▶ _TASK TO CARRY OUT_:
Output the complete listing exactly, please, and keep the pictures out of it.

▶ _RECORDED INFORMATION_:
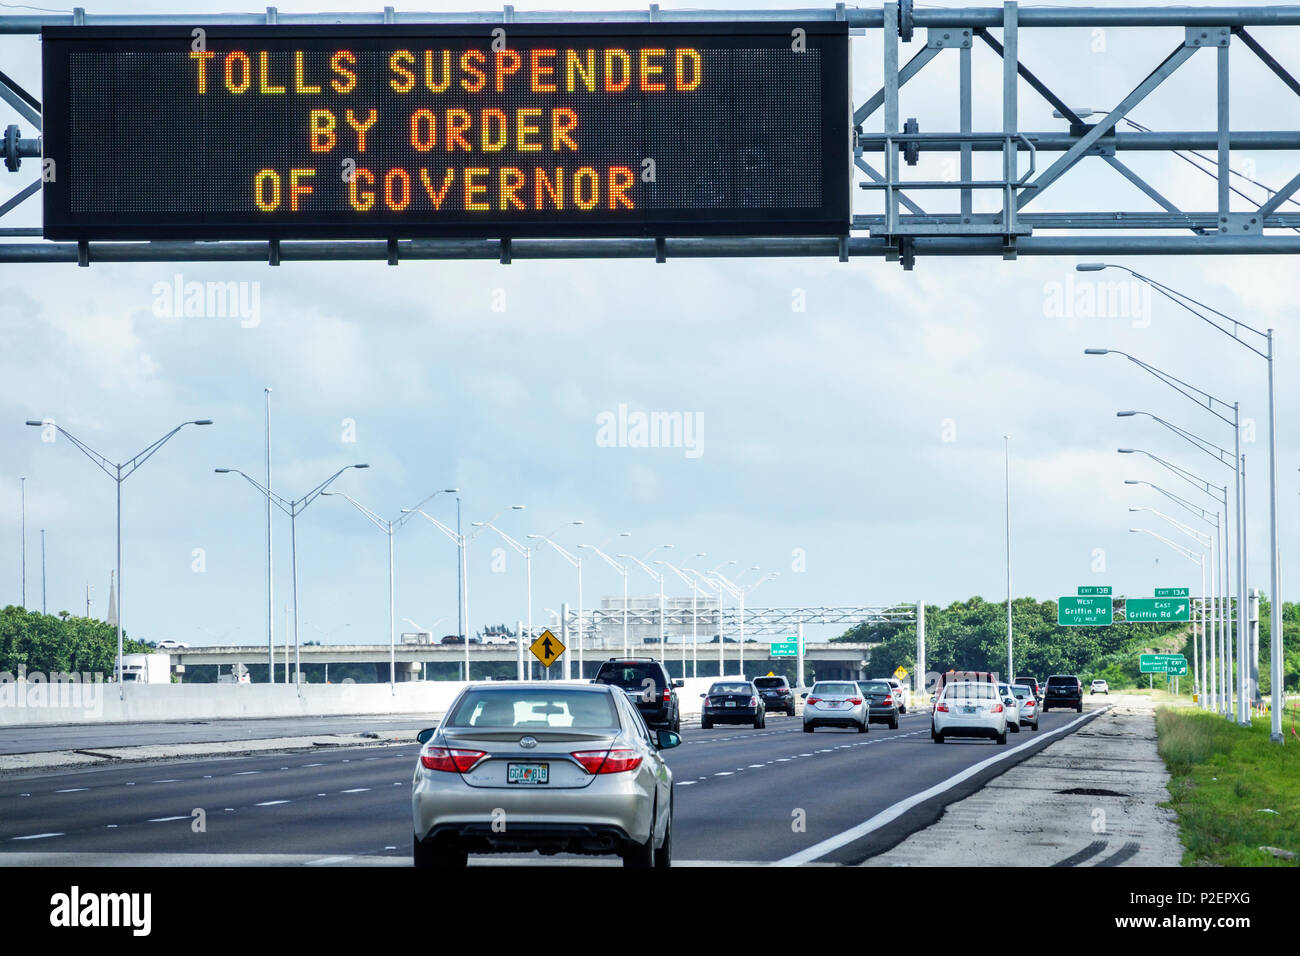 Miami Florida,Hurricane Irma approaching preparation,Interstate I-75 I75,electronic sign,evacuation tolls suspended order governor,highway traffic,eva Stock Photo
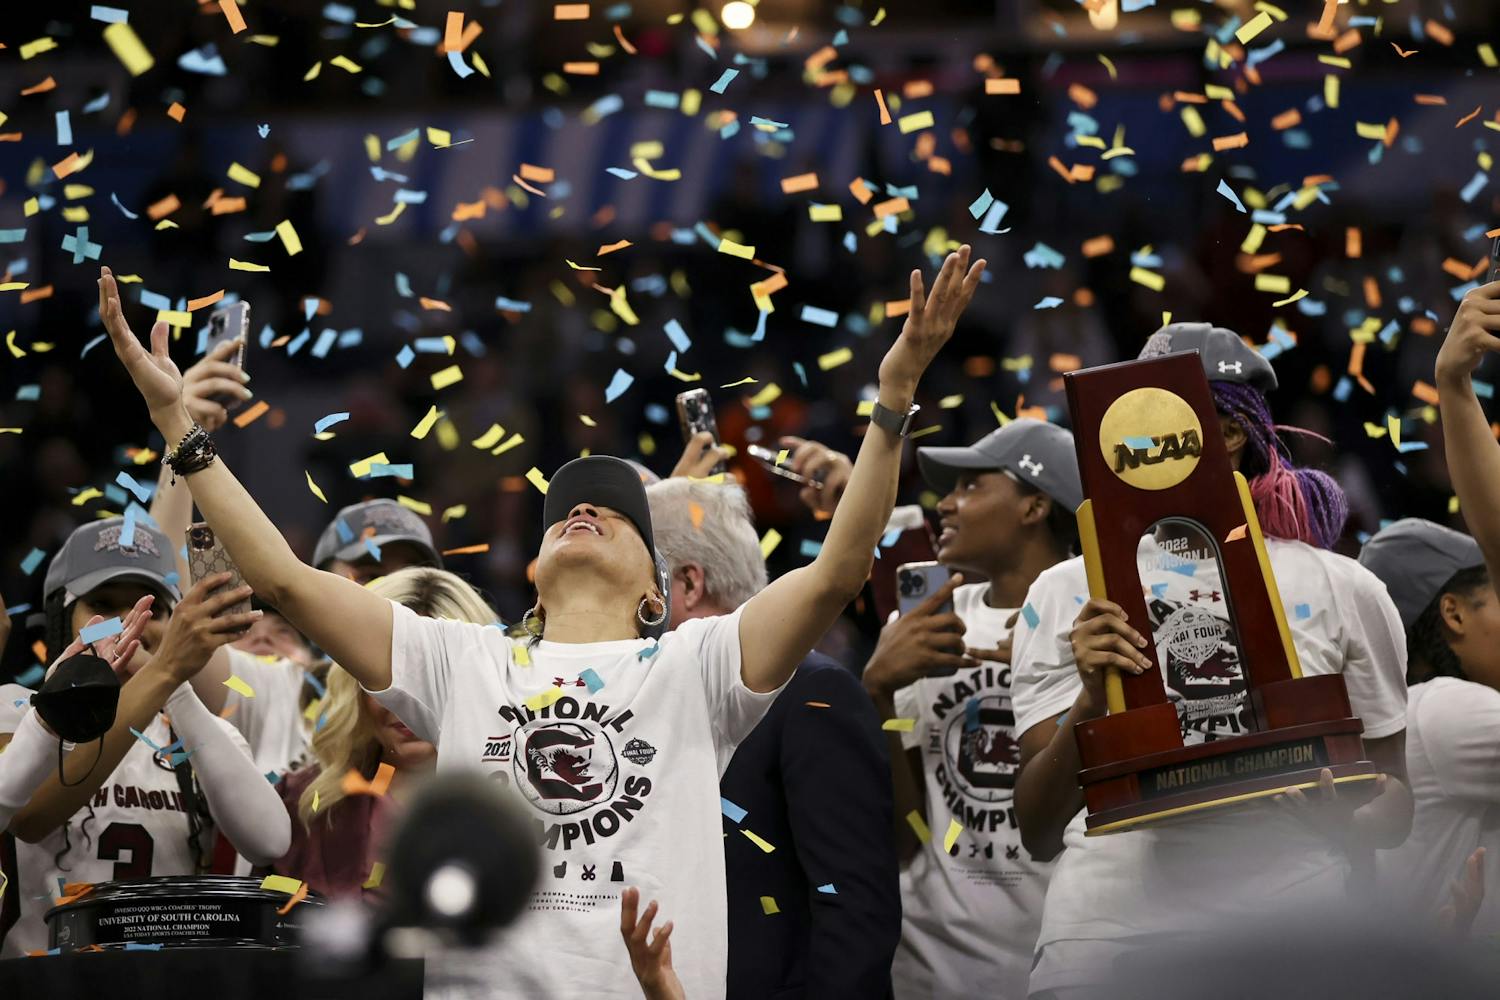 PHOTOS The South Carolina women's basketball team celebrates its 2022
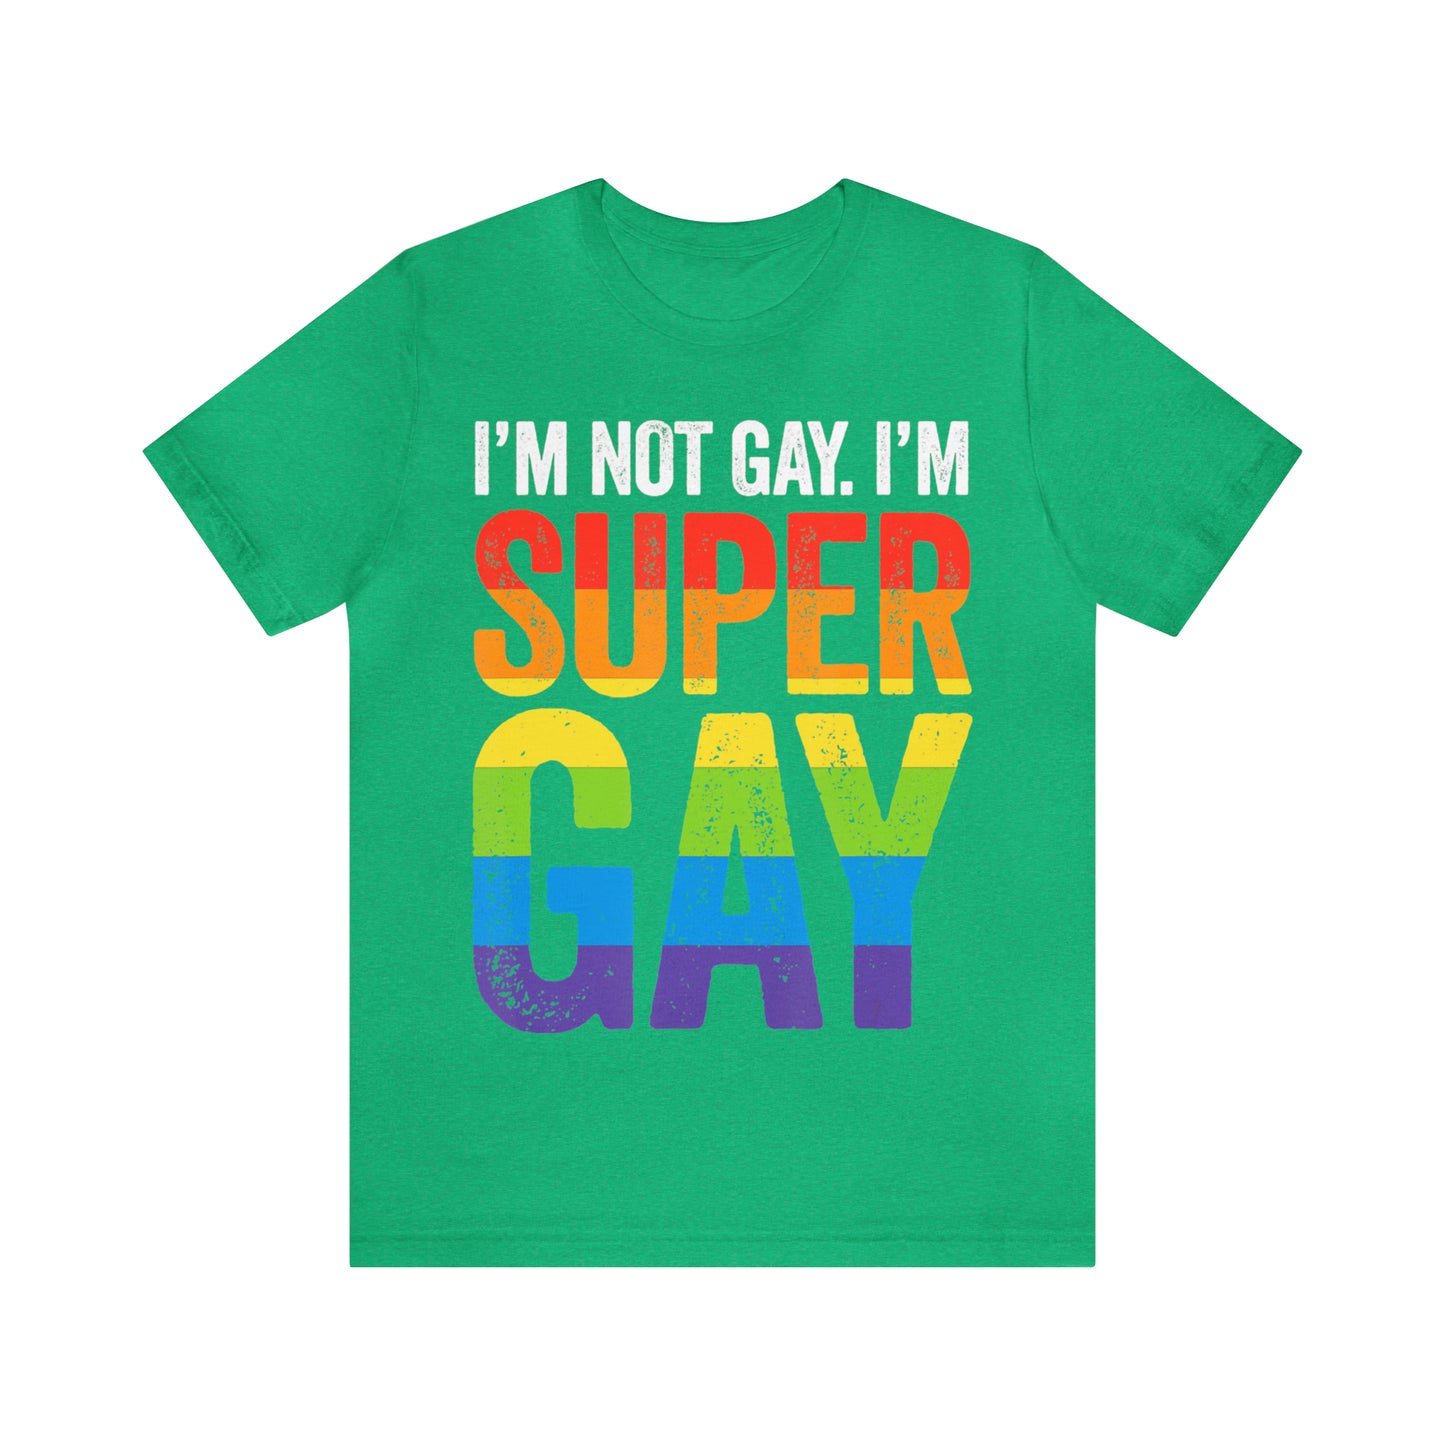 I'm Not Gay I'm Super Gay 3 - Unisex T-Shirt

▶ _RESPONSE_:
 Miami Florida,Hurricane Irma approaching preparation,Interstate I-75 I75,electronic sign,evacuation tolls suspended order governor,highway traffic,eva Stock Photo
 PHOTOS The South Carolina women's basketball team celebrates its 2022
 I'm Not Gay I'm Super Gay 3 - Unisex T-Shirt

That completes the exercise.